Inventors patented caltrop-like devices to deflate vehicle tires in a manner useful to law enforcement agencies or the military. They are currently used by the military and police.

===Labour disputes===
Caltrops have been used at times during labour strikes and other disputes. Such devices were used by some to destroy the tires of management and replacement workers.

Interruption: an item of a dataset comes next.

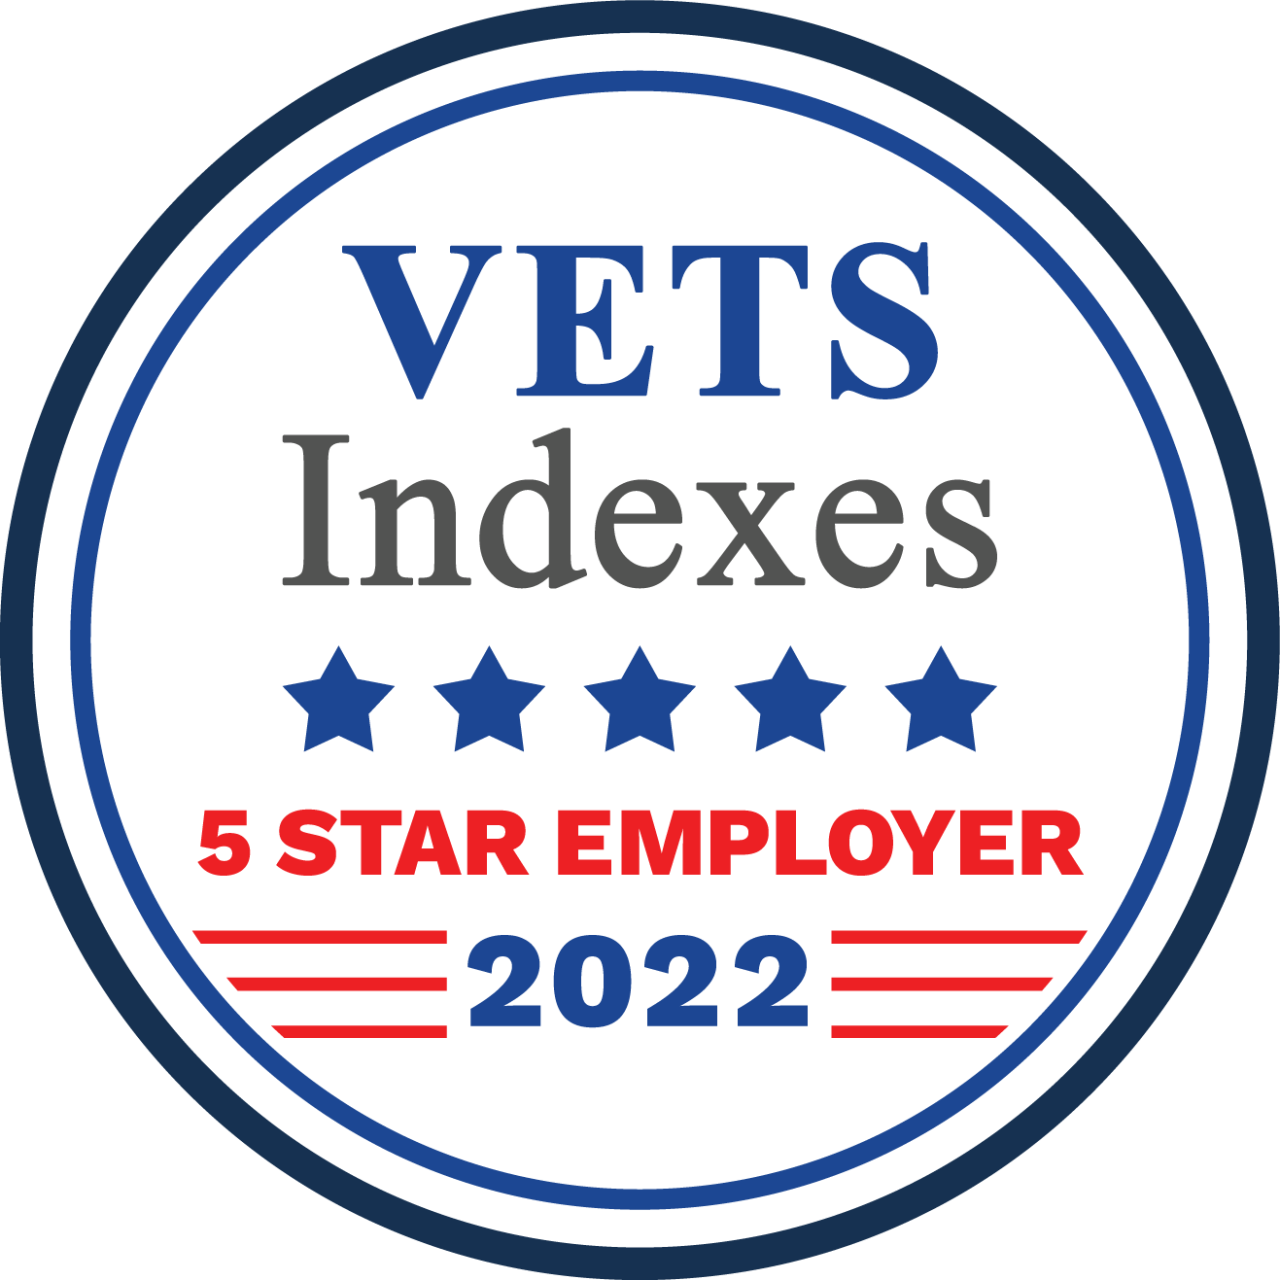 VETS Indexes 5 Star Employer 2022

Caltrops, referred to as "jack rocks" in news articles, were used during the Caterpillar strike in 1995, puncturing tires on vehicles crossing the picket line in Peoria, Illinois. Because of their small size and the difficulty proving their source, both the company and the United Auto Workers blamed each other. Collateral damage included a school bus and a walking mail carrier. In Illinois, the state legislature passed a law making the possession of such devices a misdemeanor.

=== Via drones ===
During the Russian invasion of Ukraine, Ukraine has used drones to drop caltrops on key roads to disrupt wheeled vehicles carrying Russian military materiel, and make them easier to target with loitering munitions.

==Symbol==
A caltrop has a variety of symbolic uses and is commonly found as a charge in heraldry. For instance, the Finnish noble family Fotangel (Swedish for 'caltrop') had arms gules, three caltrops argent.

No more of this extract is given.